最近の不動産価格の高騰は、この業界で働く私から見ても「度が過ぎる」状況だと感じている。
当社の最寄り駅である東急東横線妙蓮寺駅(横浜市港北区)から徒歩10分圏では、土地を購入して注文住宅を建てる場合、新型コロナウイルス禍の前であれば7000万円あれば十分だった。しかし、今は9000万円程度から1億円を超える予算が必要になってきた。これは土地価格はもちろん、建材価格や人件費も上がっているためだ。1億円レベルの住宅ローンを返済していくためには、世帯年収で1500万円前後は求められる。
具体的に計算してみよう。1億円のうち頭金を1000万円とし、残り9000万円について35年ローン(変動金利1%)で組むと、毎月の返済額は25万円程度になる。年収に対する返済比率(銀行審査金利3.5%)は世帯年収が1500万円なら約30%、1200万円なら約37%となる。一般的に返済比率は30%を超えると生活に余裕がなくなり、35%を超えるとそもそも銀行の審査が通らない場合が多い。つまり世帯年収が1200万円では足りず、1500万円で「ぎりぎりで安全圏内」となる。
振り返れば、コロナ禍前は近隣の賃貸住宅にお住まいのファミリー層が「子どもが大きくなったので、そろそろ家が欲しい」という理由で当社にご来店いただくことが多かった。

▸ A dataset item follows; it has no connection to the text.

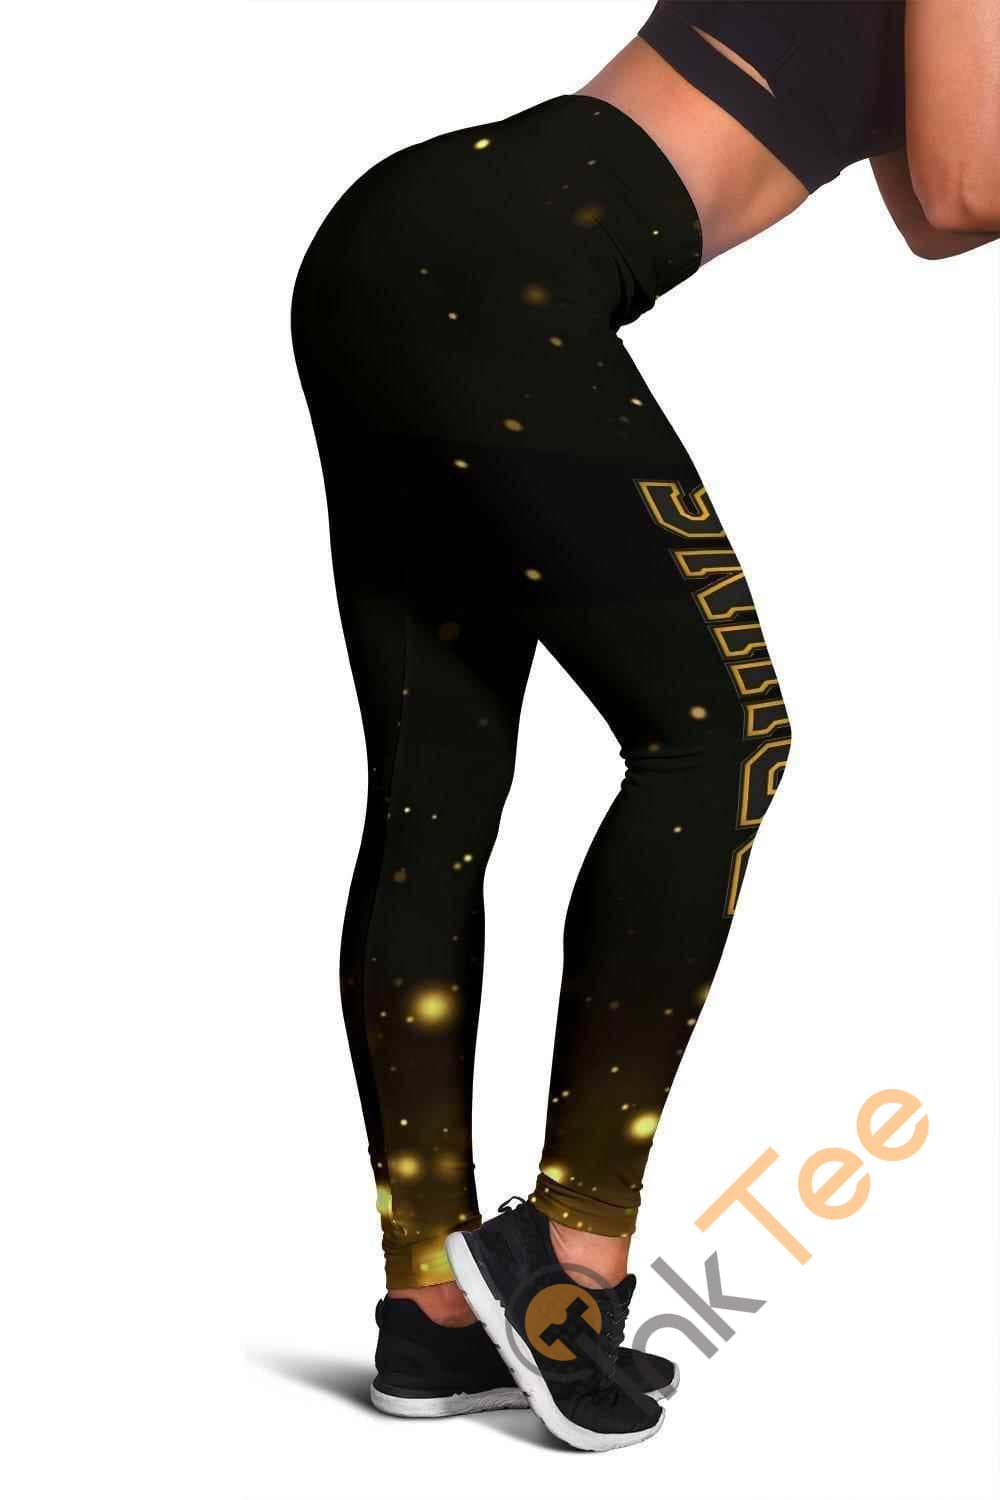 Inktee Store - Boston Bruins 3D All Over Print For Yoga Fitness Women'S Leggings Image

よくあるケースは、社会人として経験を積みながら20代後半になり、将来が見えてきた頃にパートナーと出会って2人の生活をスタート。東横線では比較的賃料がお得な妙蓮寺エリアで賃貸物件を借り、その後、子供が生まれて、待機児童が多い中で何とか保育園の入園を決め、奥様は産休から職場復帰を果たす。そして、数年働いて子供が小学校に入学する前のタイミングで「入学後に転校させるのはかわいそう」という理由から、住宅購入に本腰を入れて探し始めるといった感じだ。
先ほど、コロナ禍前は土地と新築の注文住宅は7000万円あれば十分だったとお伝えしたが、建売住宅やマンションなら駅から比較的近い立地でも6000万円前後で買えた。ところが、コロナ禍後は東横線沿線の相場が高騰し、戸建てもマンションも価格が1000万~2000万円レベルで上がってしまった。
そのためこの妙蓮寺エリアでの住宅購入を諦めて、横浜市南部など価格相場が下がる地域へ引っ越すケースが増えている。実際、地元の小学校では新居を求めて学区外に転出する家庭が珍しくはない。また、新入生の人数も減って1年生は4クラスから3クラスに減るという事態も起きている。